Assigned task
From the listing that follows, reproduce only the lines from the one holding "Government Camp Vacation" through the one holding "pathway clipart route", both included, with no pictures.

***** Provided material *****

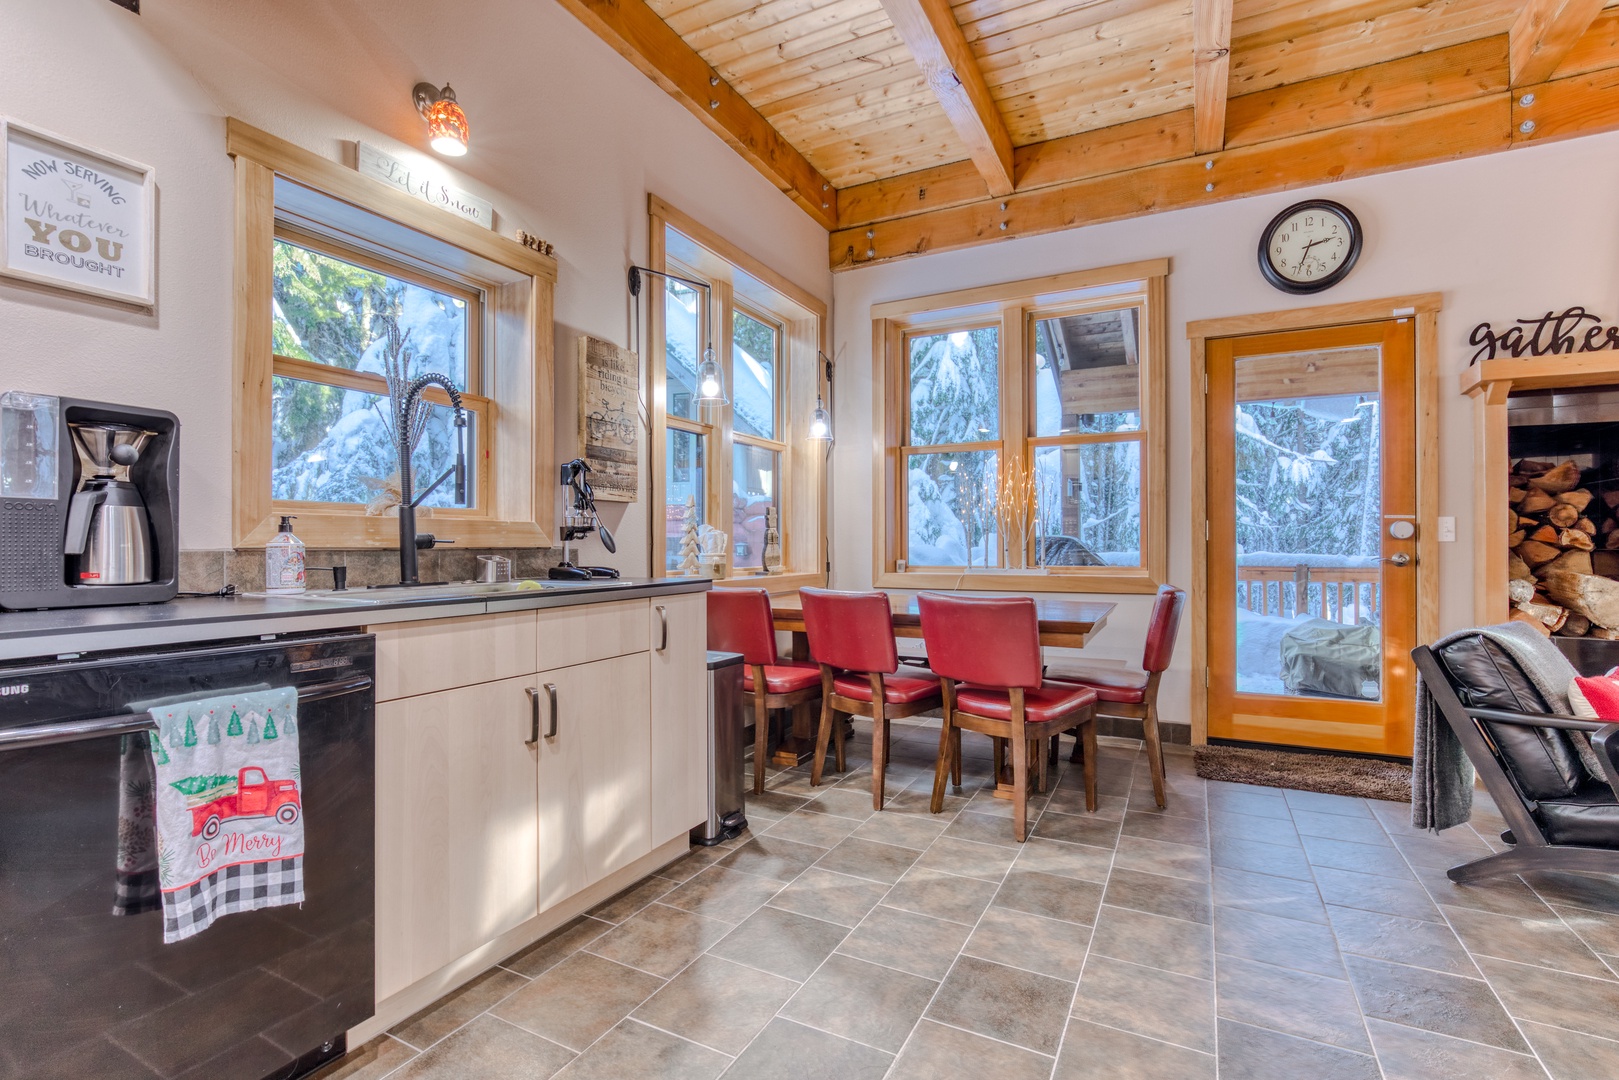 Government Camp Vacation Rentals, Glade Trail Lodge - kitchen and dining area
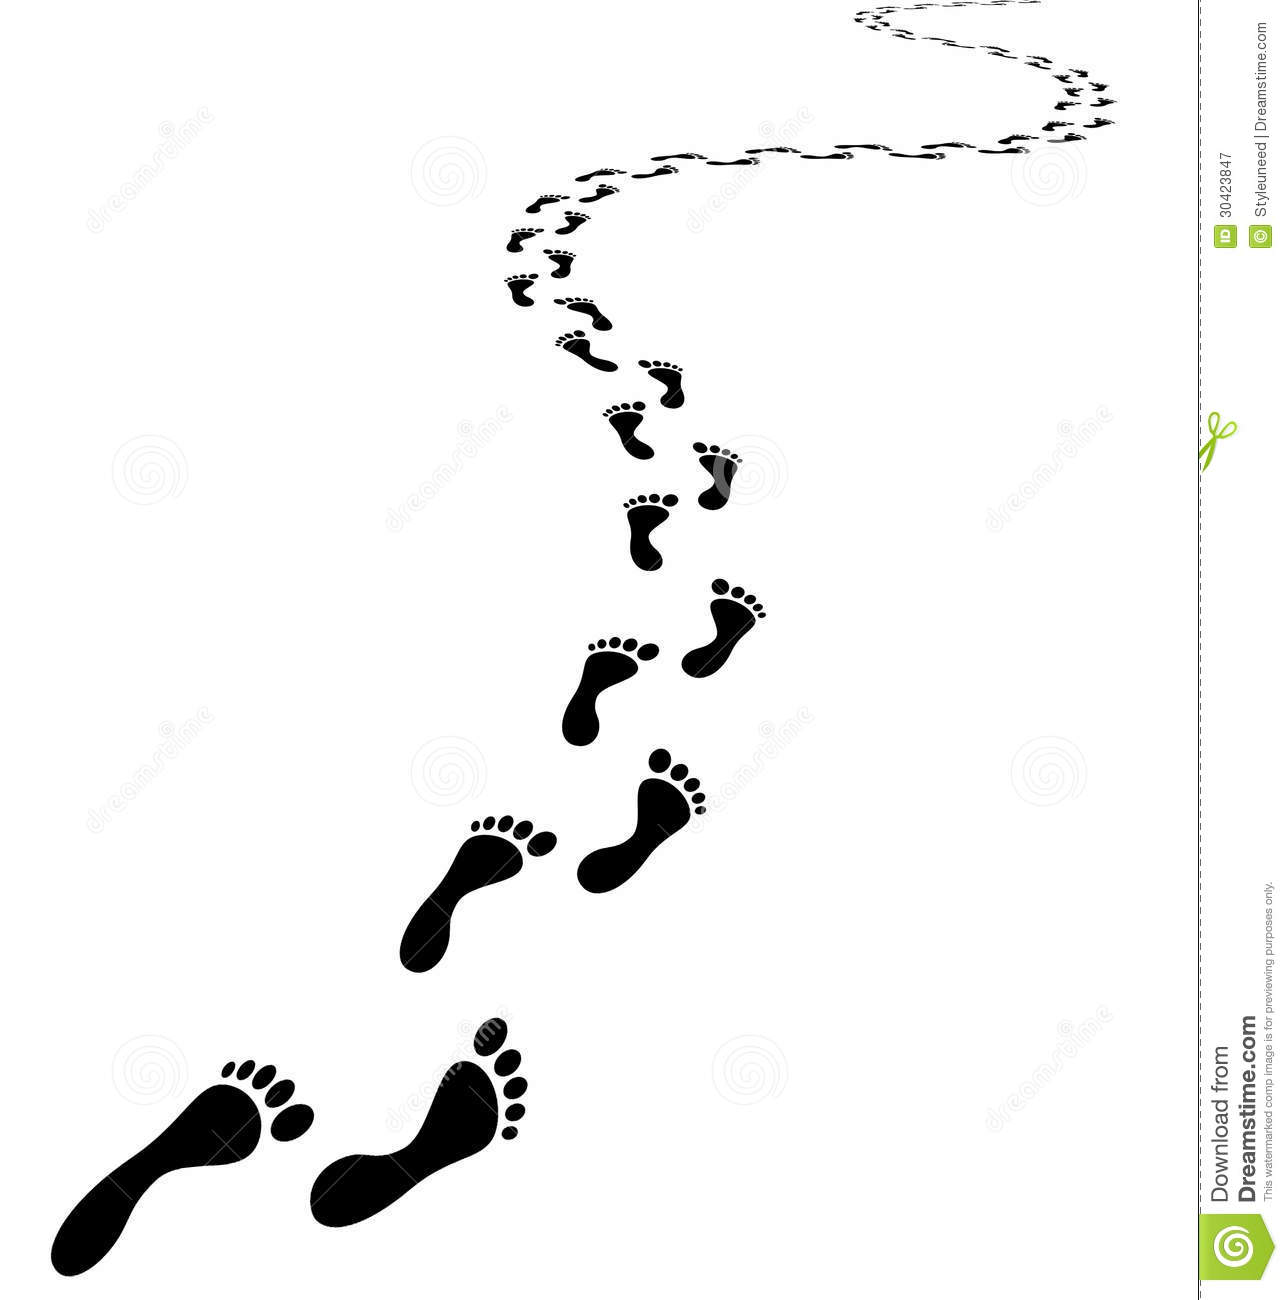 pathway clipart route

*****
***** Provided material *****

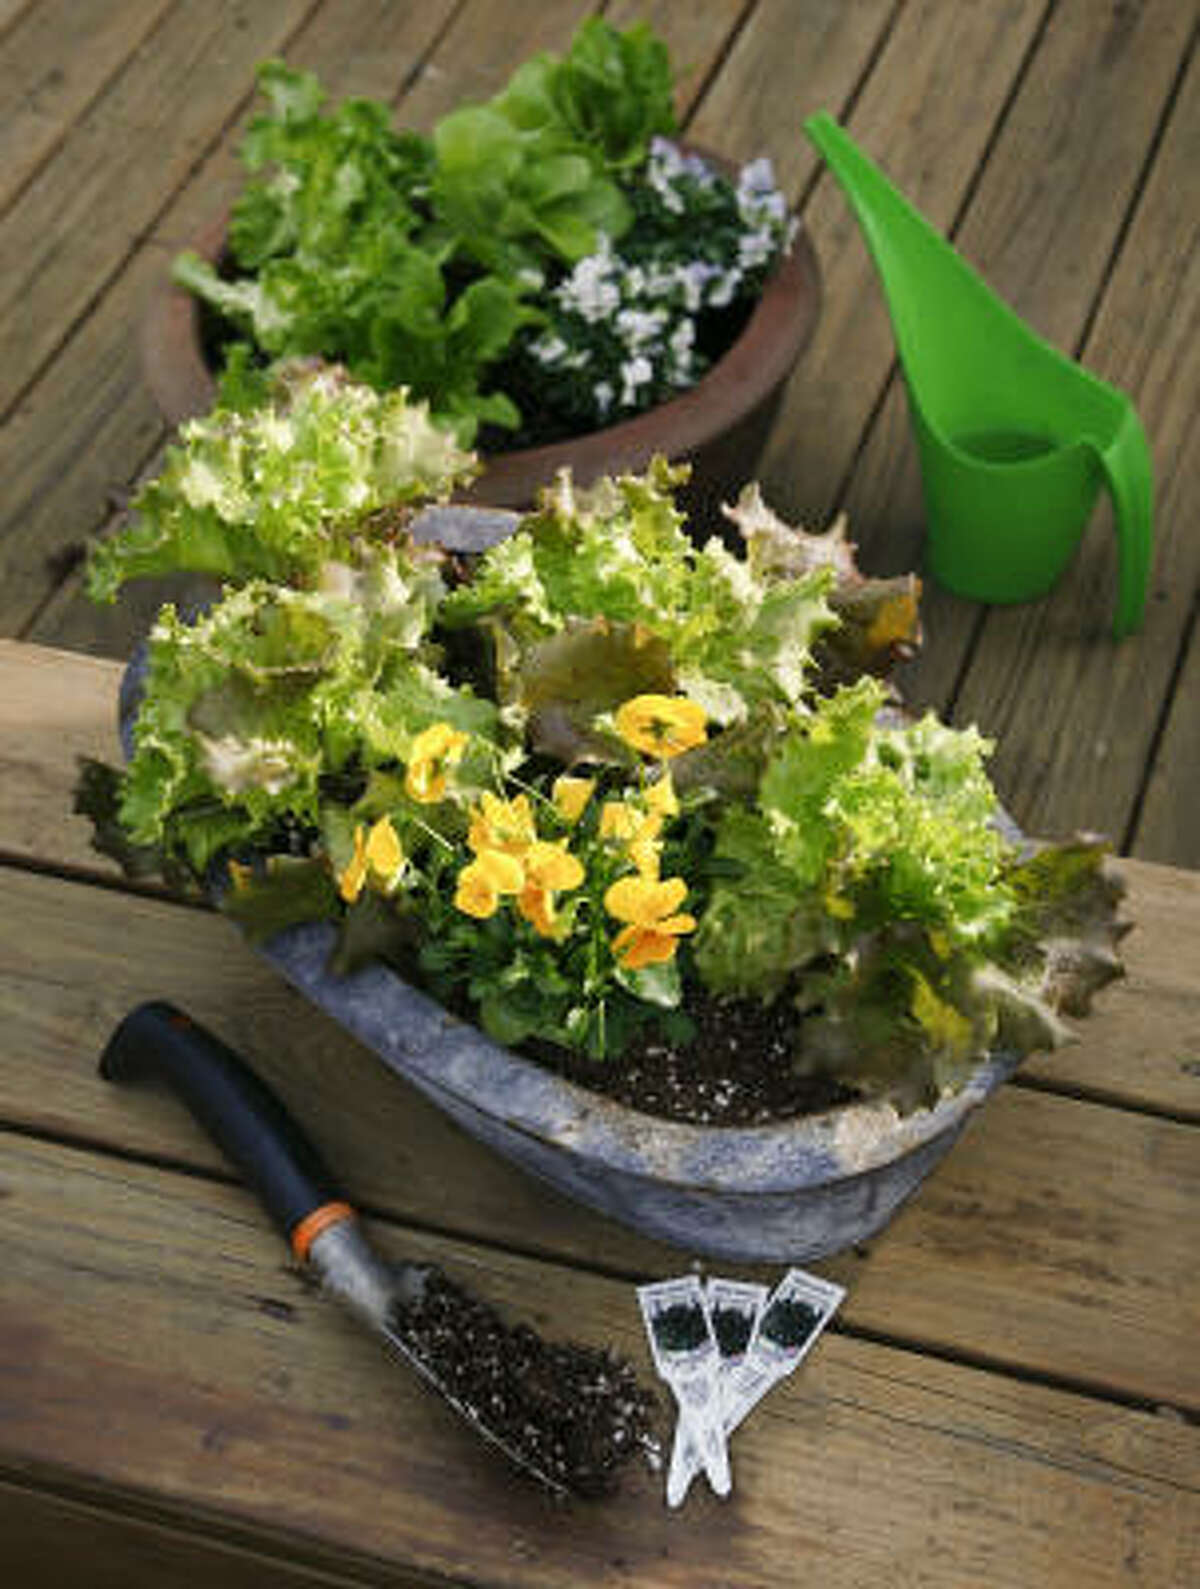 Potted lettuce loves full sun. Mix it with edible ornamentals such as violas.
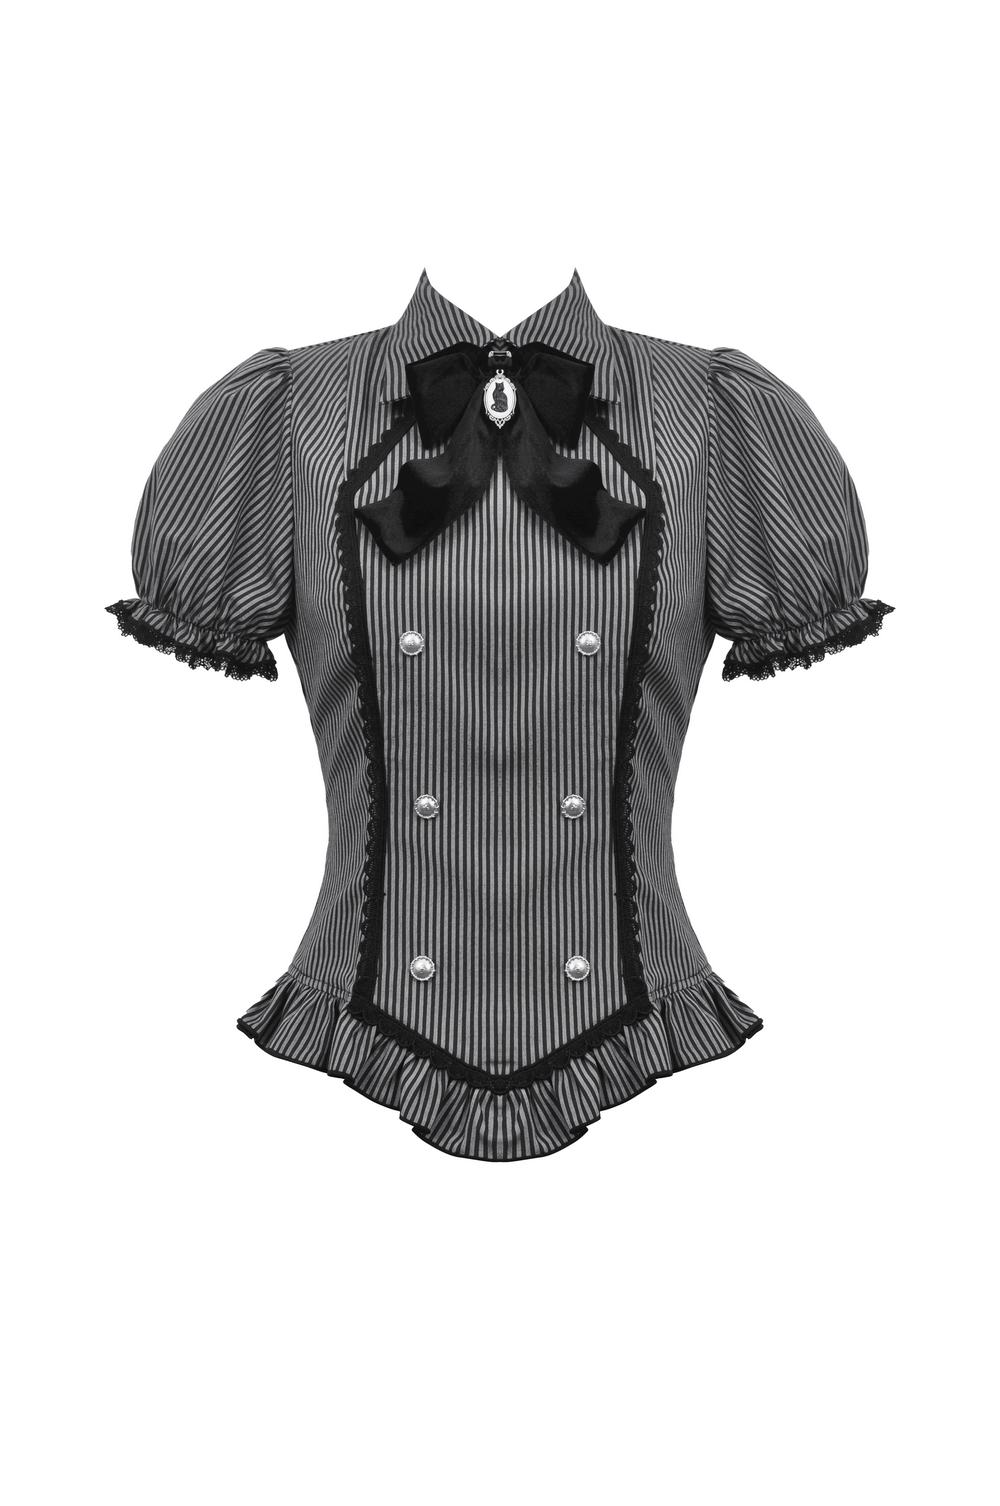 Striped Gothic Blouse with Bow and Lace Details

*****

Result of this exercise
 Government Camp Vacation Rentals, Glade Trail Lodge - kitchen and dining area
 pathway clipart route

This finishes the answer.